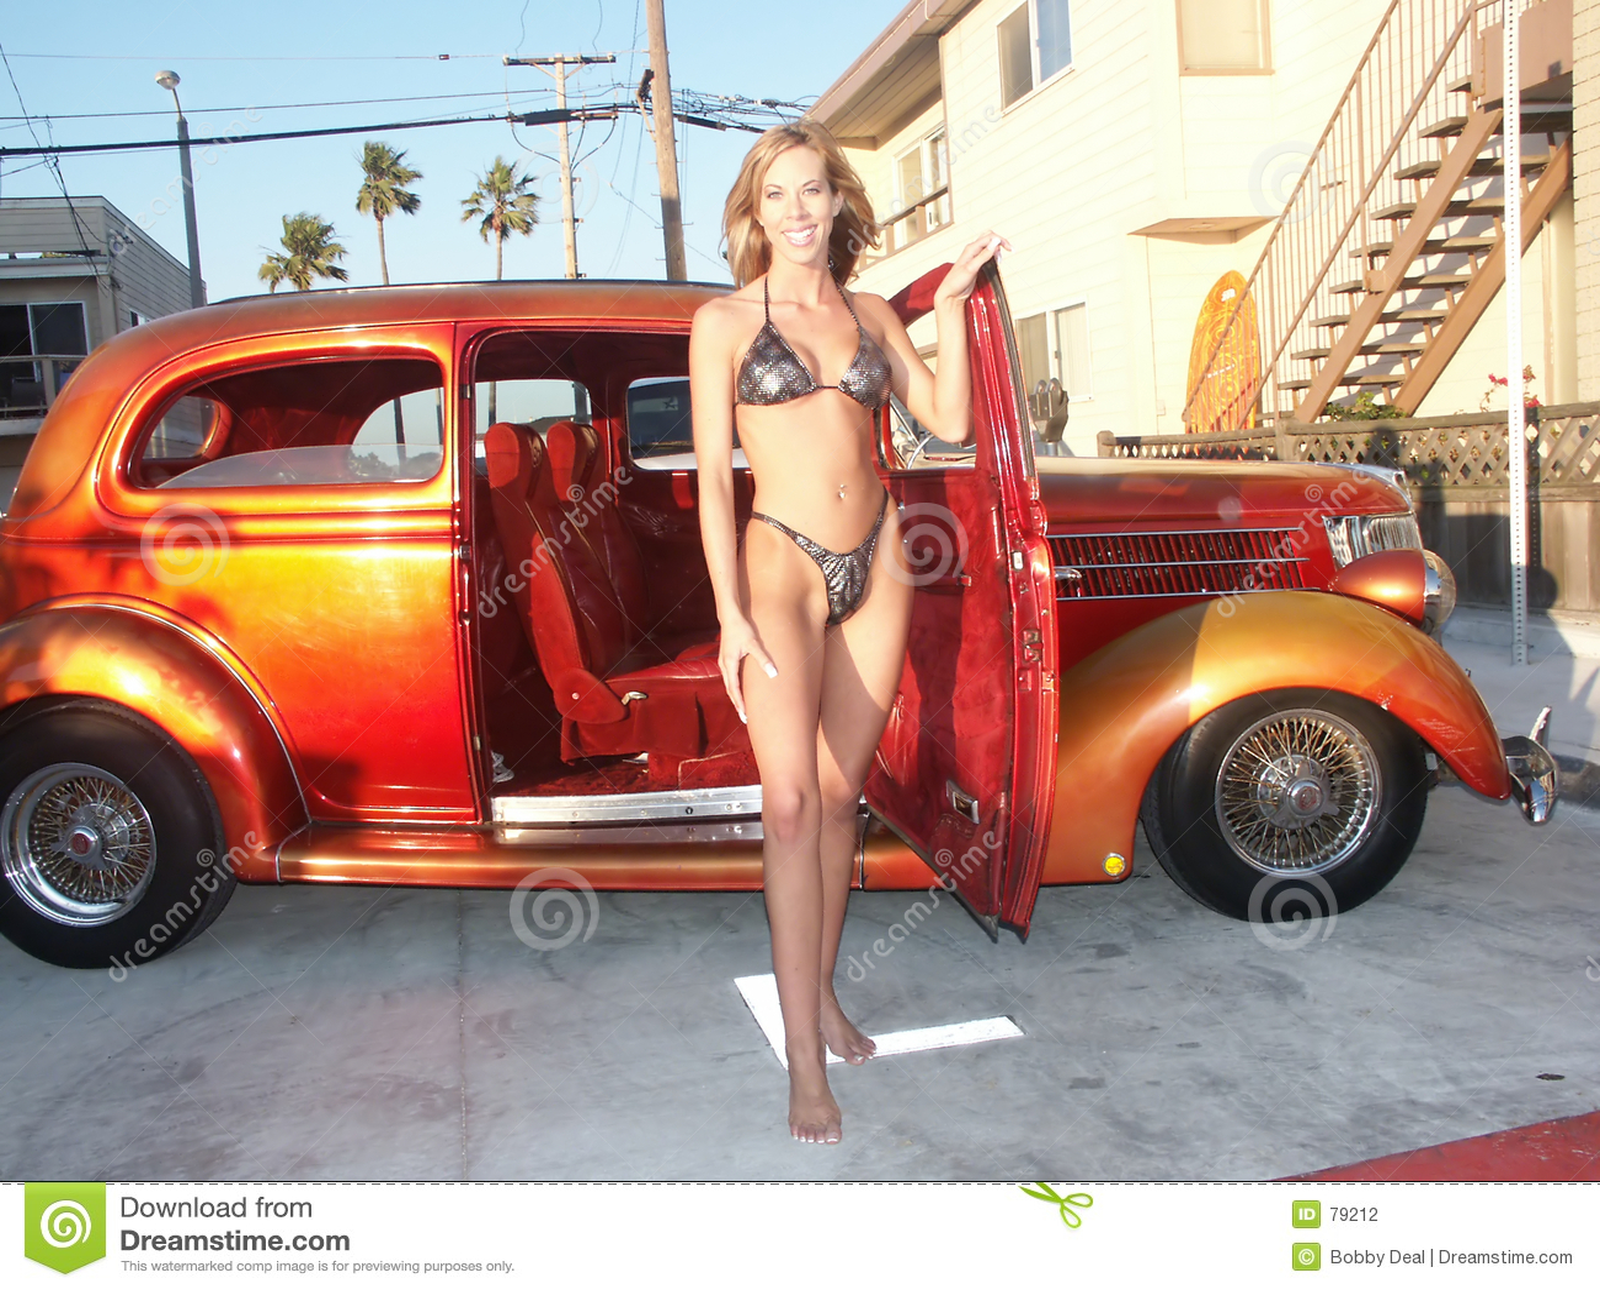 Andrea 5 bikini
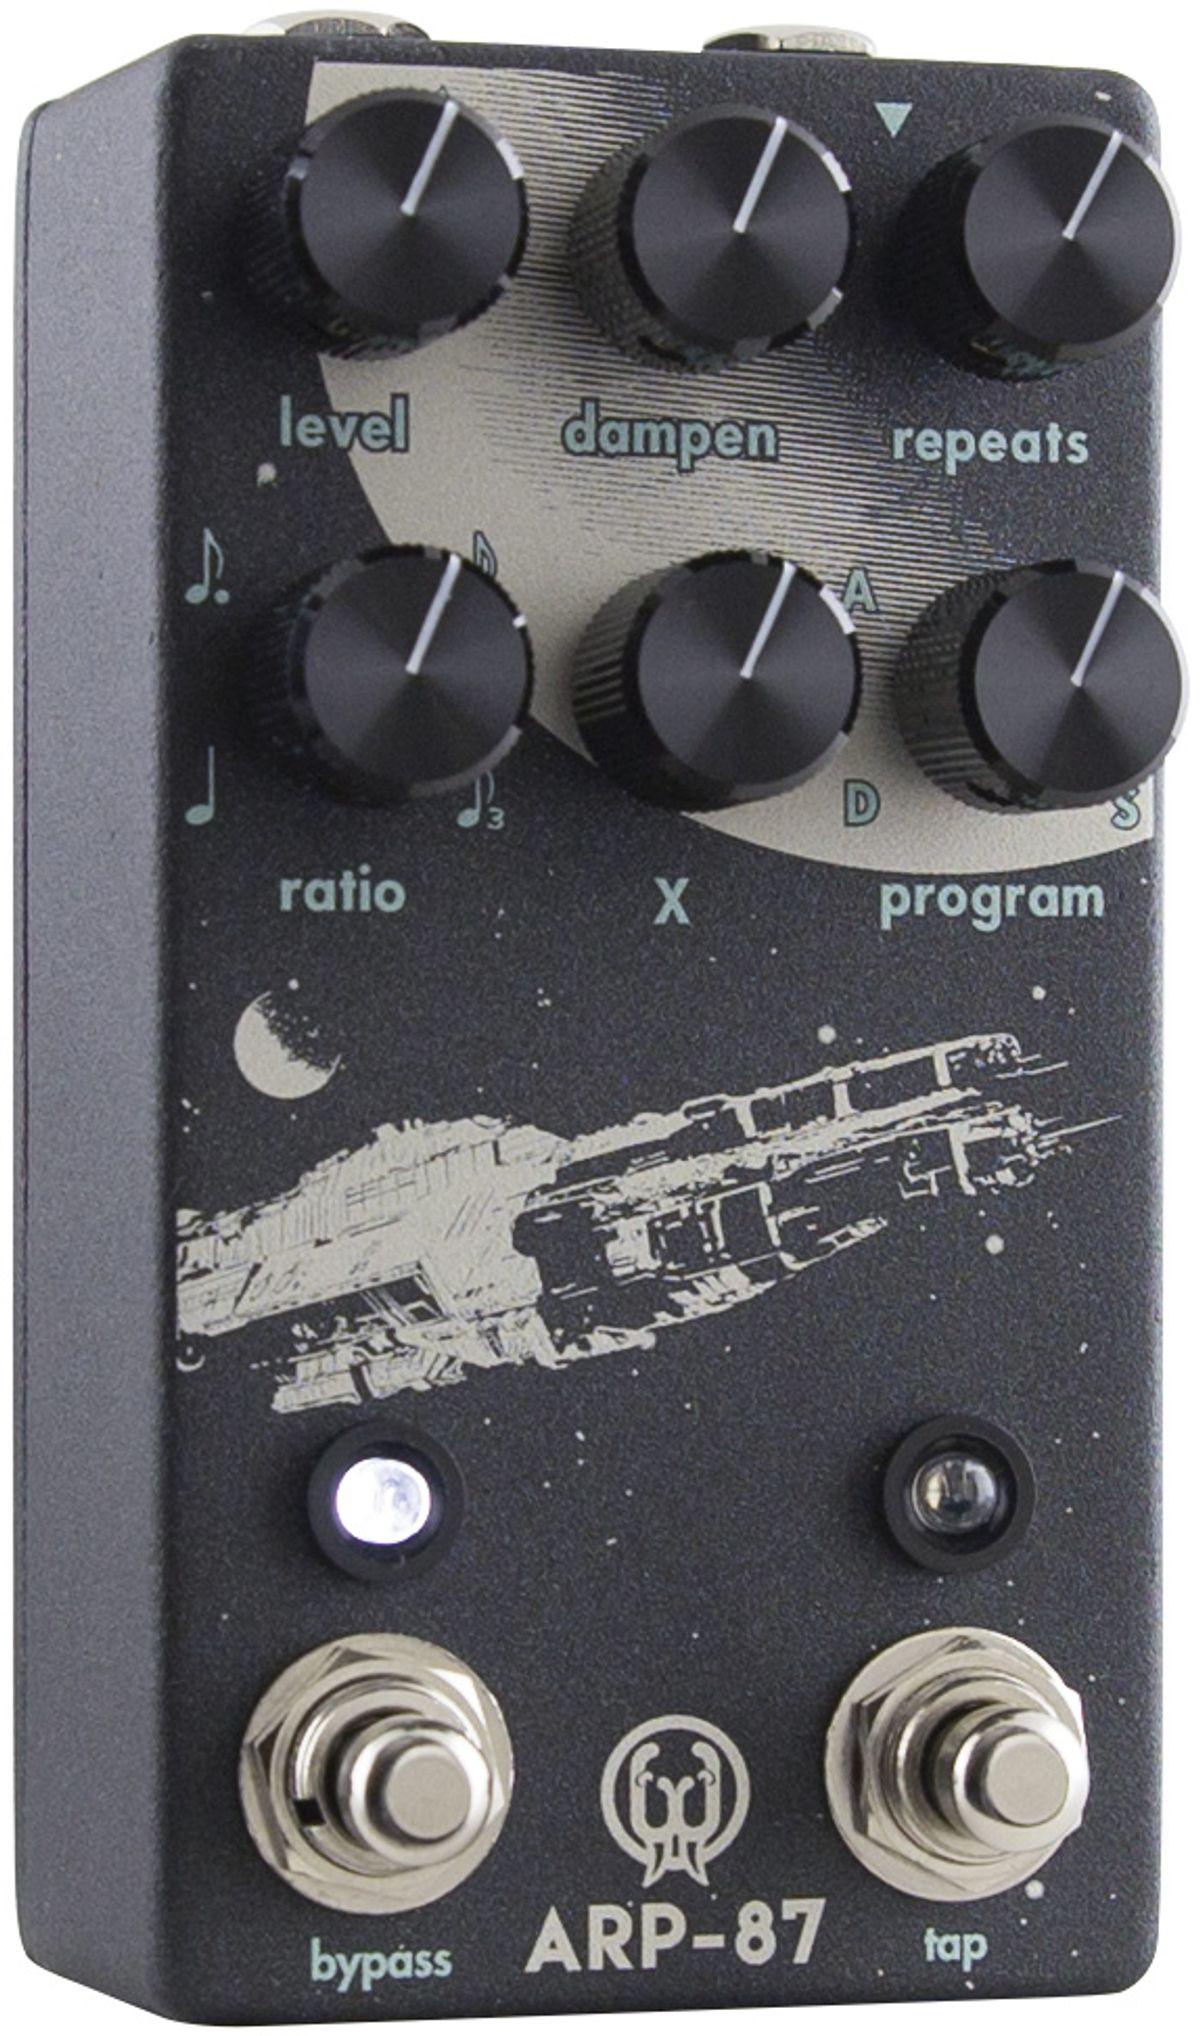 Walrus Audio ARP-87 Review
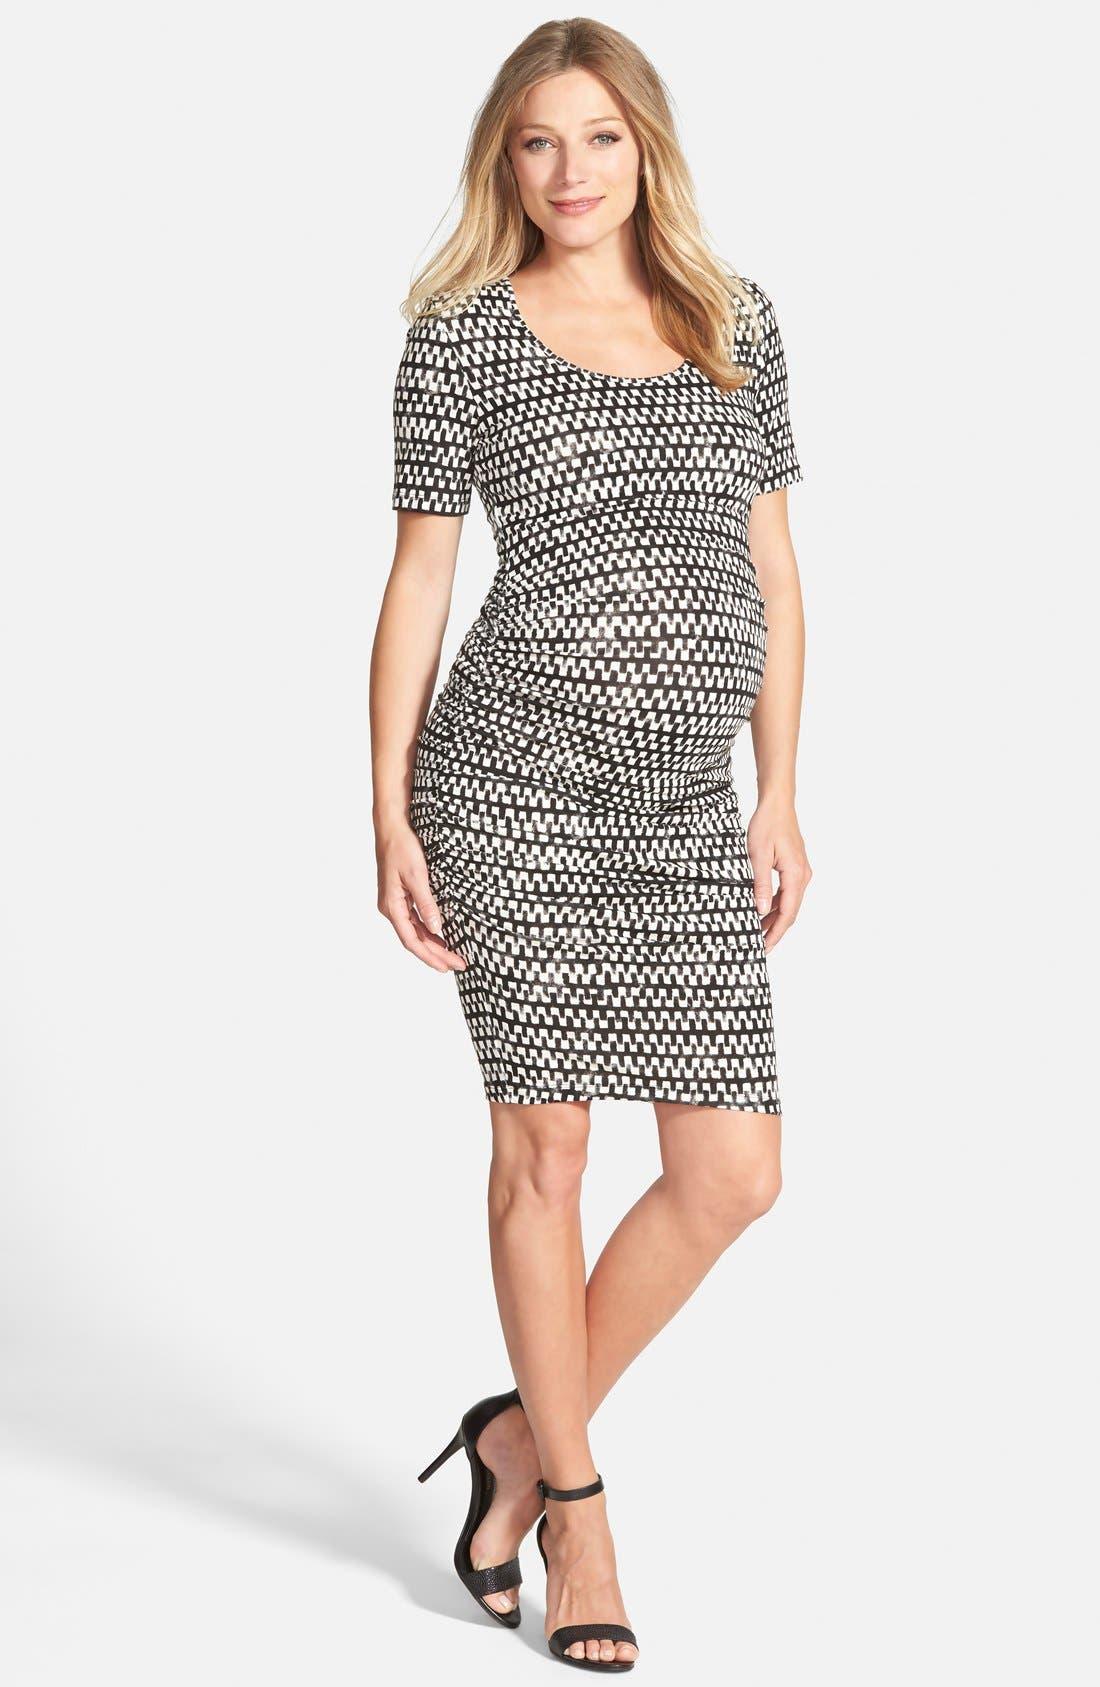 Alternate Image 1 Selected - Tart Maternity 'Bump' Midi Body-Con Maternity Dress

## Work to be completed
In your copy, omit the pictures and restate every line of the data word for word.

## Solution to the exercise
 Andrea 5 bikini
 Walrus Audio ARP-87 Review
 Alternate Image 1 Selected - Tart Maternity 'Bump' Midi Body-Con Maternity Dress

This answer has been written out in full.